She’d thought he had felt a little interest in her, possibly, from the very beginning; but it was hard to be certain. Alex was the kind of doctor who scored excellence in his bedside manner, but he was impossible to read personally. She noticed that, if anything, he said less to her than to others—seemed a fraction shyer, or perhaps hesitant, which she read as mild attraction. But then, this might be precisely because she had no obvious boyfriend who came to visit, nor family—just Grace and a string of joking colleagues, half of them gay. Perhaps he wanted to show that he was not being overfriendly—a warning not to misinterpret his excellent care of her as his patient, and to define the limits of their professional relationship. That made most sense, in fact. Until she considered those flowers he’d brought her after her operation. So the barometer swung the other way, and she considered afresh whether she’d imagined more in his looks than there was to find.
Then the impasse broke with the invitation, at half-past nine on Monday, October 20: “Lucy, Courtney Denham asked me to have a word with you about your medicine, which gives me the perfect excuse to ask you if you’d like a bite of lunch? I don’t have a lot of time, I’m afraid, but we could find some place away from the hospital where we can rely on the kitchen’s standards of hygiene?
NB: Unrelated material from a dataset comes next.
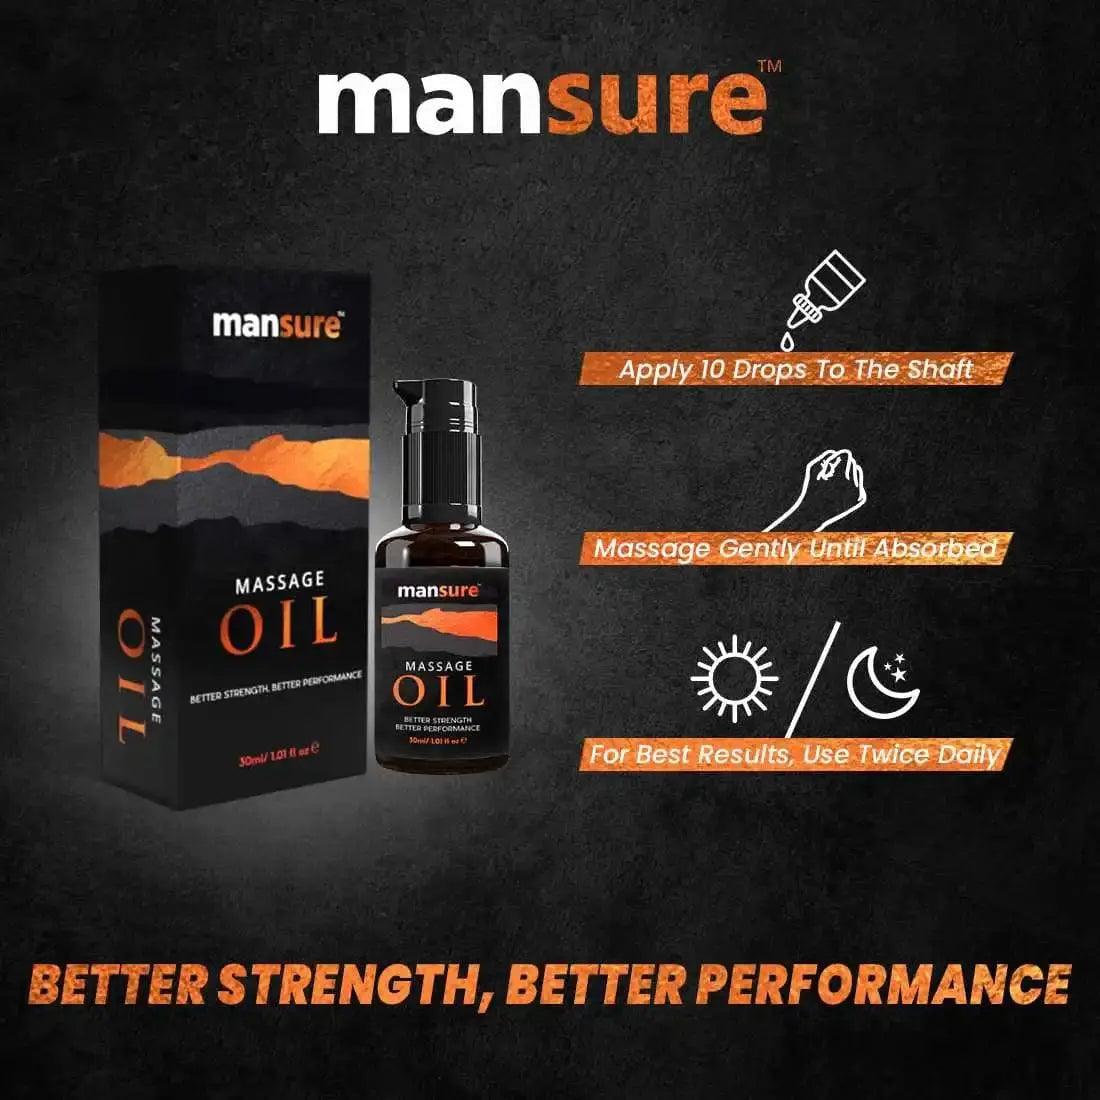 How To Use ManSure Massage Oil For Men's Health

I know a place close by that’s perfect.” His manner was so absurdly easy, and she had surprised herself how quickly she’d accepted, how pleased she was to be asked. Lucy so rarely risked getting too involved with anyone: she was the girl of countless friends across the globe, and several male admirers—but the lover of not a one of them. Affairs were kept as flings, emotions always held at bay. As soon as anything looked serious, she’d run a mile. But then, he was her doctor, so she satisfied herself quickly that involvement was impossible and a lunch date solidly safe.
So the quick bite was taken in the lovely garden at Dan’s Restaurant on Sydney Street, five minutes from the Brompton, on a perfect October, sunshine day: two simple courses with mineral water. And, she recalled, the sound of her own voice bubbling through some satirical vignettes about her life and her experiences in South America, which seemed to keep him entertained. Highly unusual for her to open up, but she’d been witty, she knew.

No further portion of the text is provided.